At the Radio Prague English service I wrote a few features and news hilights which I read on the daily program. I was just thrown in and did pretty well, learning quickly how they put the daily half hour program to tape in order right there in the studio. If you made a mistake they rolled the tape back and played back until right nefore you messed up and you just started reading right from there. Scary, but kind of fun. In truth I only did a few shows for them, seeing as by the time I had arrived I had already been kind of upsaged by another intern who was a sweet lovely girl named Dita. Her father was African, her mother Czech and she had been raised in Germany, and she spoke fluent Czech! She had already been there a couple weeks, in addition to her other advantages. I never held any of it against her, but I did feel insecure about it. I dare say however that my radio voice was way better than hers! ANd my English was better too. I was amazed at how reluctant people were to ask me how to word something in English when they were doing a translation. In hindsight I should have been the proofreader!
I could go on from here and write a book about the old building and its scary version of an elevator, the cafateria (referred to in Europe as a "canteen"), and the weird linolium on all the floors and how I went back to Prague a couple years later to visit everyone and saw their nifty new studio, but this is a story about my grandpa's Readers Diget Radio!
When i was in Prague I stayed in touch with my mom and let her know what days I had recorded a show and what frequencies I would be on and what times. And, it turned out that my biggest fan was... my grandma! She would go into Grandpa's room at the right times in the evening and find the right frequency on the big goofy Reader's Digest radio, and listen to me reading news and features on Radio Prague!

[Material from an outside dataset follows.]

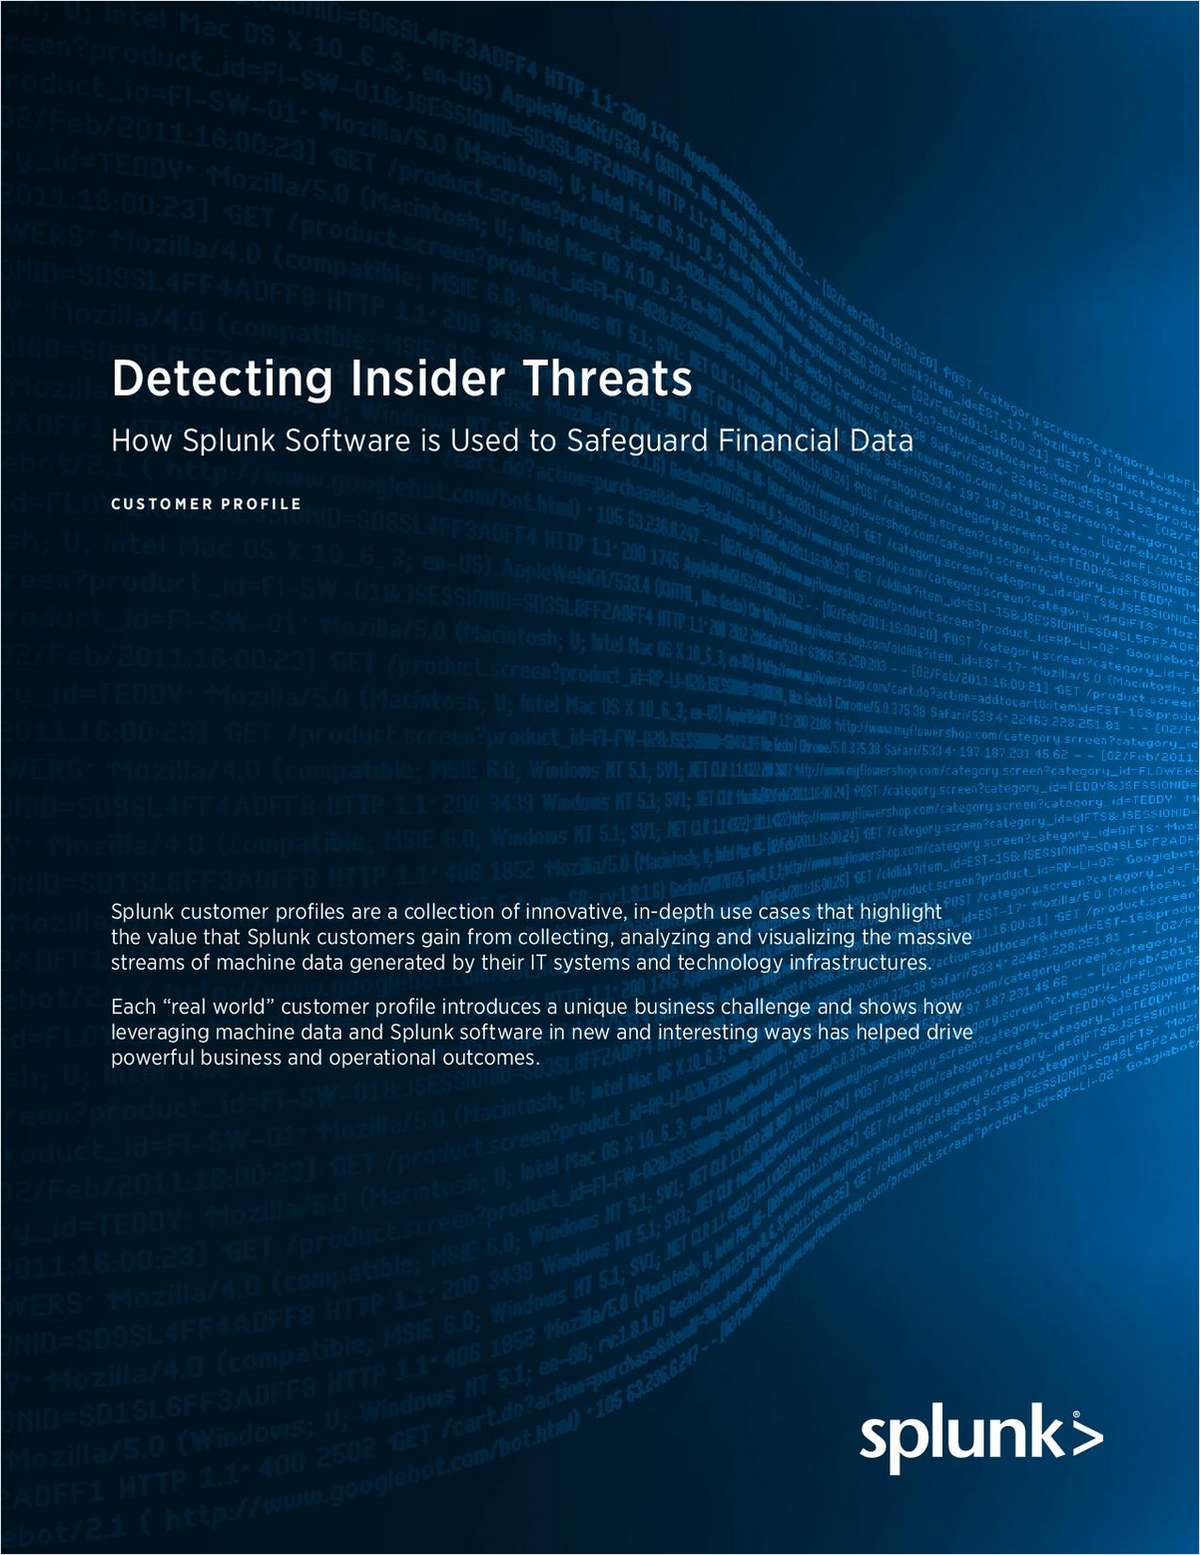 Detecting Insider Threats

A few years later when I was at their house for a visit they gave me that radio, and I still have it. It needs to be fixed, and I will fix it. Becuase when I first listened to it when I was a kid, I never would have guessed that one day my own voice would be coming out of it from one of those mysterious far away countries.
Hard to believe that not too many years later stations like Radio Prague were all but gone. Now they truly are gone, reduced to onine "broadcasts," mere shells of their former selves. And for a few weeks I had the chance to be part of what is now radio history... the Readers Digest Radio and I.